- The village sign as of 2008
- Interactive map of Neustadt
- Coordinates: 44°05′N 81°00′W﻿ / ﻿44.08°N 81°W
- Country: Canada
- Province: Ontario
- County: Grey
- Township: West Grey
- Established: 1856

Population (2016)
- • Total: 517
- Time zone: UTC-5 (EST)
- • Summer (DST): UTC-4 (EDT)
- Forward sortation area: N
- Area codes: 519 and 226

= Neustadt, Ontario =

Neustadt is a community in the municipality of West Grey in Grey County in southern Ontario, Canada. The village is located south of Hanover on Grey Road 10 and north of Guelph, Ontario, and Kitchener, Ontario. Neustadt is a rural Ontario village with German roots and a village history associated with farming culture. In their April 2000 edition, Harrowsmith Magazine named Neustadt one of Canada's ten prettiest villages as evidenced by the historic 19th century Victorian farmhouses highlighting Gothic Revival architecture. Neustadt has also been featured in Country Living.

==History==
The village's name, Neustadt, is of German origin (/de/) and it translates to “new town”. It was founded in 1856 by David Winkler, a settler from Germany. He purchased 400 acres from the government, laid out the town-site, dammed Meux Creek and completed a sawmill. A flour mill and grist mill were also erected near the dam the following year. Many other German-speaking settlers began arriving immediately.

David Winkler also became the founder of many other institutions. He opened the first post office in 1857, and acted as postmaster, a position he held until 1878. Later he became a Justice of the Peace and eventually, Reeve of Normanby Township. In 1870, Winkler lost a leg in a runaway horse accident and died seven years later.
 By 1901 the population was 466 and the village was firmly established as an agricultural service centre.

John Weinert, a saddle maker from Prussia, moved into Neustadt in 1859 and proceeded to establish a tannery on the north side of William Street. By 1861, he had added a boot and shoe factory and soon was supplying footwear to the settlers. As craftsman flocked to the area, Neustadt soon attracted one Henry Huether, a German immigrant from Baden, Germany. Huether first constructed a wooden frame Brewery until a fire in 1859 destroyed it. The brewery was reconstructed in fieldstone and reopened in 1869. At that time, the population was 500, primarily German-speaking.

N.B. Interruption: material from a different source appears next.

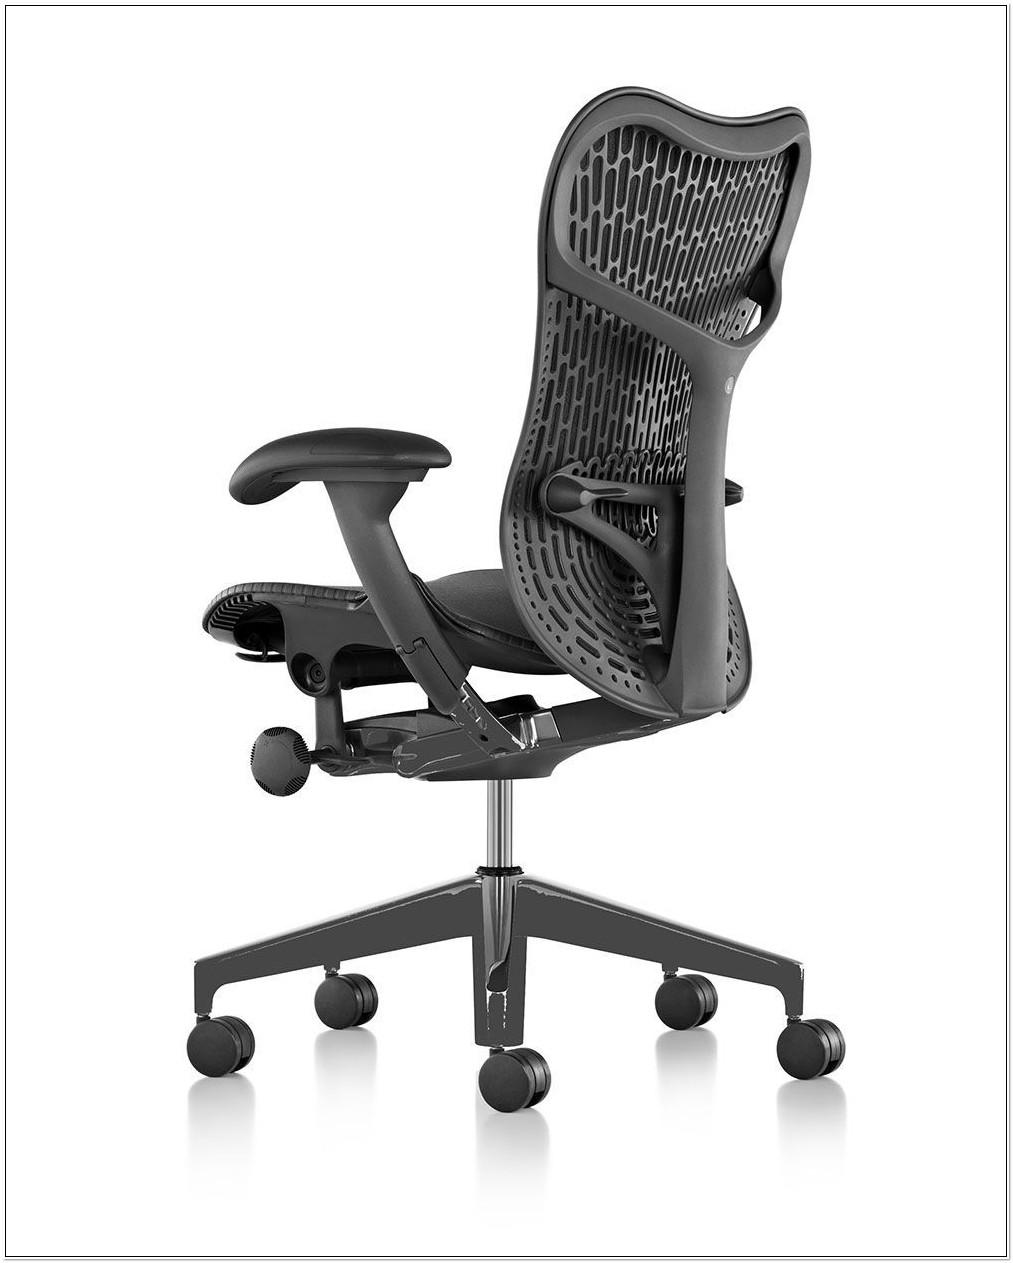 Mirra Chair Highly Adjustable By Herman Miller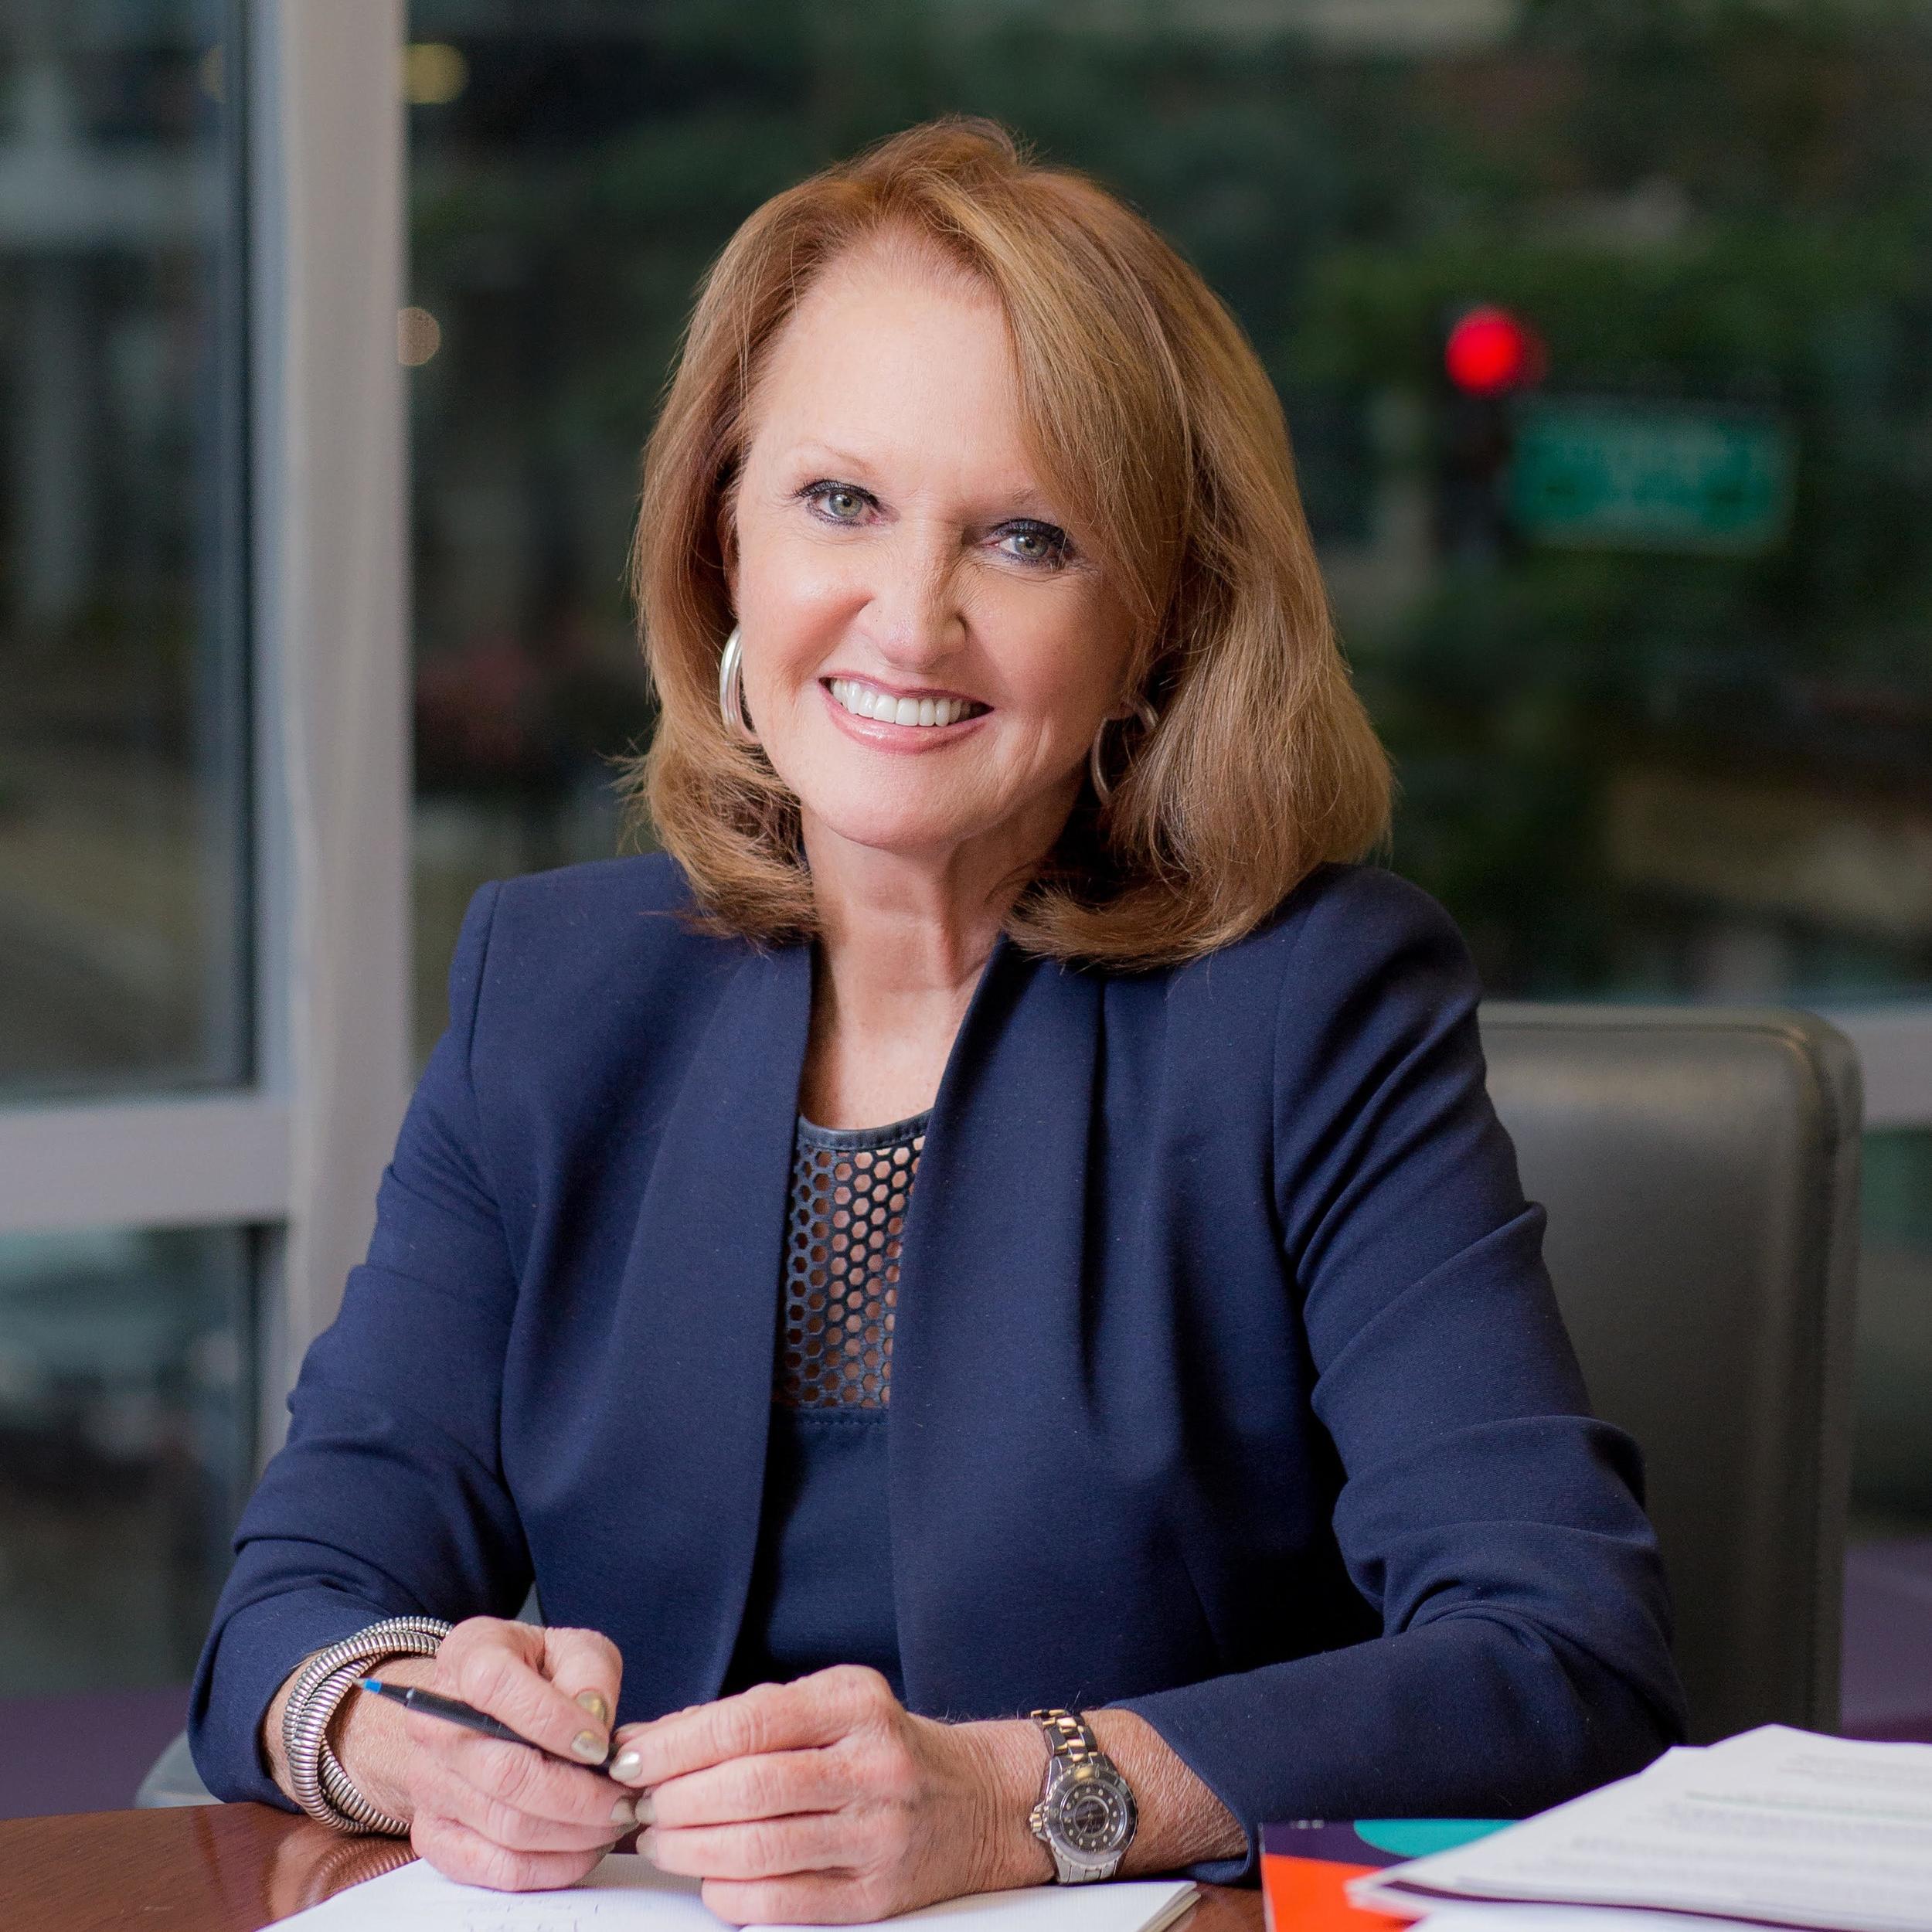 Vicki Escarra - Senior Advisor, The Boston Consulting Group

The brewery continued to be open and successful until 1916 when it became a creamery. For many years it remained empty, being used by several community groups as variously a dance hall and farmer's market, until 1997 when it was reopened as Neustadt Springs Brewery; which currently brews ten brands of beer.

In the early 1880s, the village saw its peak of development. The opening of a modern school and several new churches, businesses, and industries led to a growth in population. Years later, small businesses, farm equipment dealer, creameries, woolen mills, egg grading stations, some stores and later banks began to vanish. Each closure was critical to the village. Fewer attractions meant fewer visitors; the economy and population soon began to decline. John Diefenbaker, who would later become Prime Minister, was born here in 1895, but his family moved away in 1903.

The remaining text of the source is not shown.